Most embodiments utilize at least one network that would be familiar to those skilled in the art for supporting communications using any of a variety of commercially-available protocols, such as TCP/IP, FTP, UPnP, NFS, and CIFS. The network can be, for example, a local area network, a wide-area network, a virtual private network, the Internet, an intranet, an extranet, a public switched telephone network, an infrared network, a wireless network, and any combination thereof.

In embodiments utilizing a Web server, the Web server can run any of a variety of server or mid-tier applications, including HTTP servers, FTP servers, CGI servers, data servers, Java servers, and business application servers. The server(s) also may be capable of executing programs or scripts in response requests from user devices, such as by executing one or more Web applications that may be implemented as one or more scripts or programs written in any programming language, such as Java®, C, C# or C++, or any scripting language, such as Perl, Python, or TCL, as well as combinations thereof. The server(s) may also include database servers, including without limitation those commercially available from Oracle®, Microsoft®, Sybase®, and IBM®.
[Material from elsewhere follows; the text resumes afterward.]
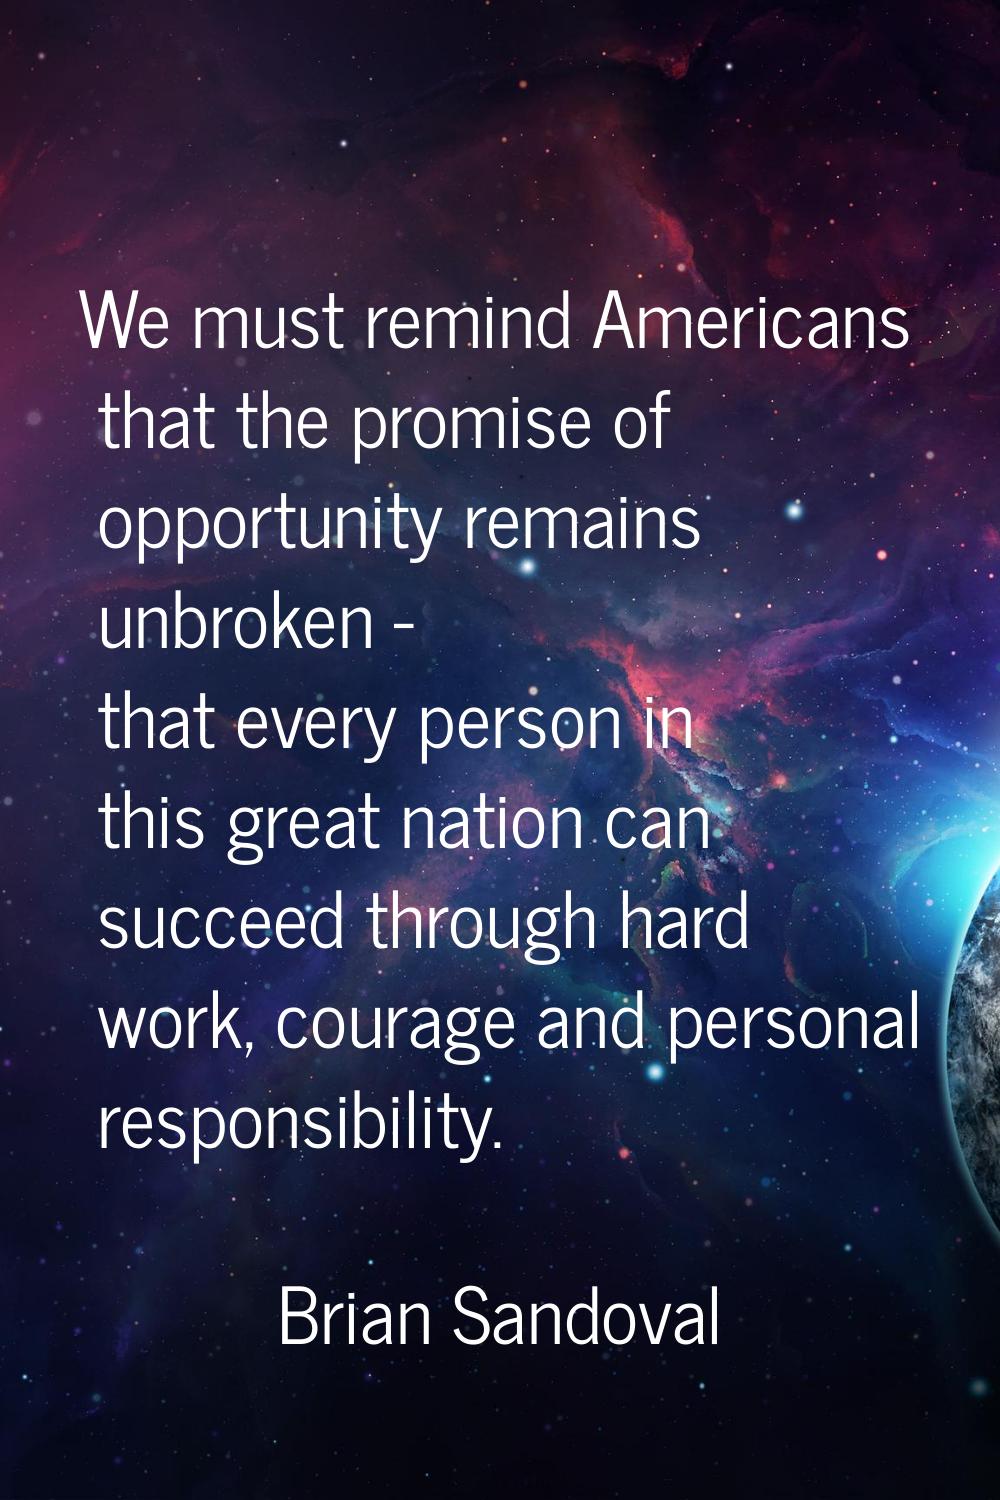 We must remind Americans that the promise of opportunity remains unbroken - that every person in th

The environment can include a variety of data stores and other memory and storage media as discussed above. These can reside in a variety of locations, such as on a storage medium local to (and/or resident in) one or more of the computers or remote from any or all of the computers across the network. In a particular set of embodiments, the information may reside in a storage-area network (“SAN”) familiar to those skilled in the art. Similarly, any necessary files for performing the functions attributed to the computers, servers, or other network devices may be stored locally and/or remotely, as appropriate. Where a system includes computerized devices, each such device can include hardware elements that may be electrically coupled via a bus, the elements including, for example, at least one central processing unit (CPU), at least one input device (e.g., a mouse, keyboard, controller, touch screen, or keypad), and at least one output device (e.g., a display device, printer, or speaker). Such a system may also include one or more storage devices, such as disk drives, optical storage devices, and solid-state storage devices such as random access memory (“RAM”) or read-only memory (“ROM”), as well as removable media devices, memory cards, flash cards, etc.

Such devices also can include a computer-readable storage media reader, a communications device (e.g., a modem, a network card (wireless or wired), an infrared communication device, etc.), and working memory as described above. The computer-readable storage media reader can be connected with, or configured to receive, a computer-readable storage medium, representing remote, local, fixed, and/or removable storage devices as well as storage media for temporarily and/or more permanently containing, storing, transmitting, and retrieving computer-readable information. The system and various devices also typically will include a number of software applications, modules, services, or other elements located within at least one working memory device, including an operating system and application programs, such as a client application or Web browser. It should be appreciated that alternate embodiments may have numerous variations from that described above. For example, customized hardware might also be used and/or particular elements might be implemented in hardware, software (including portable software, such as applets), or both. Further, connection to other computing devices such as network input/output devices may be employed.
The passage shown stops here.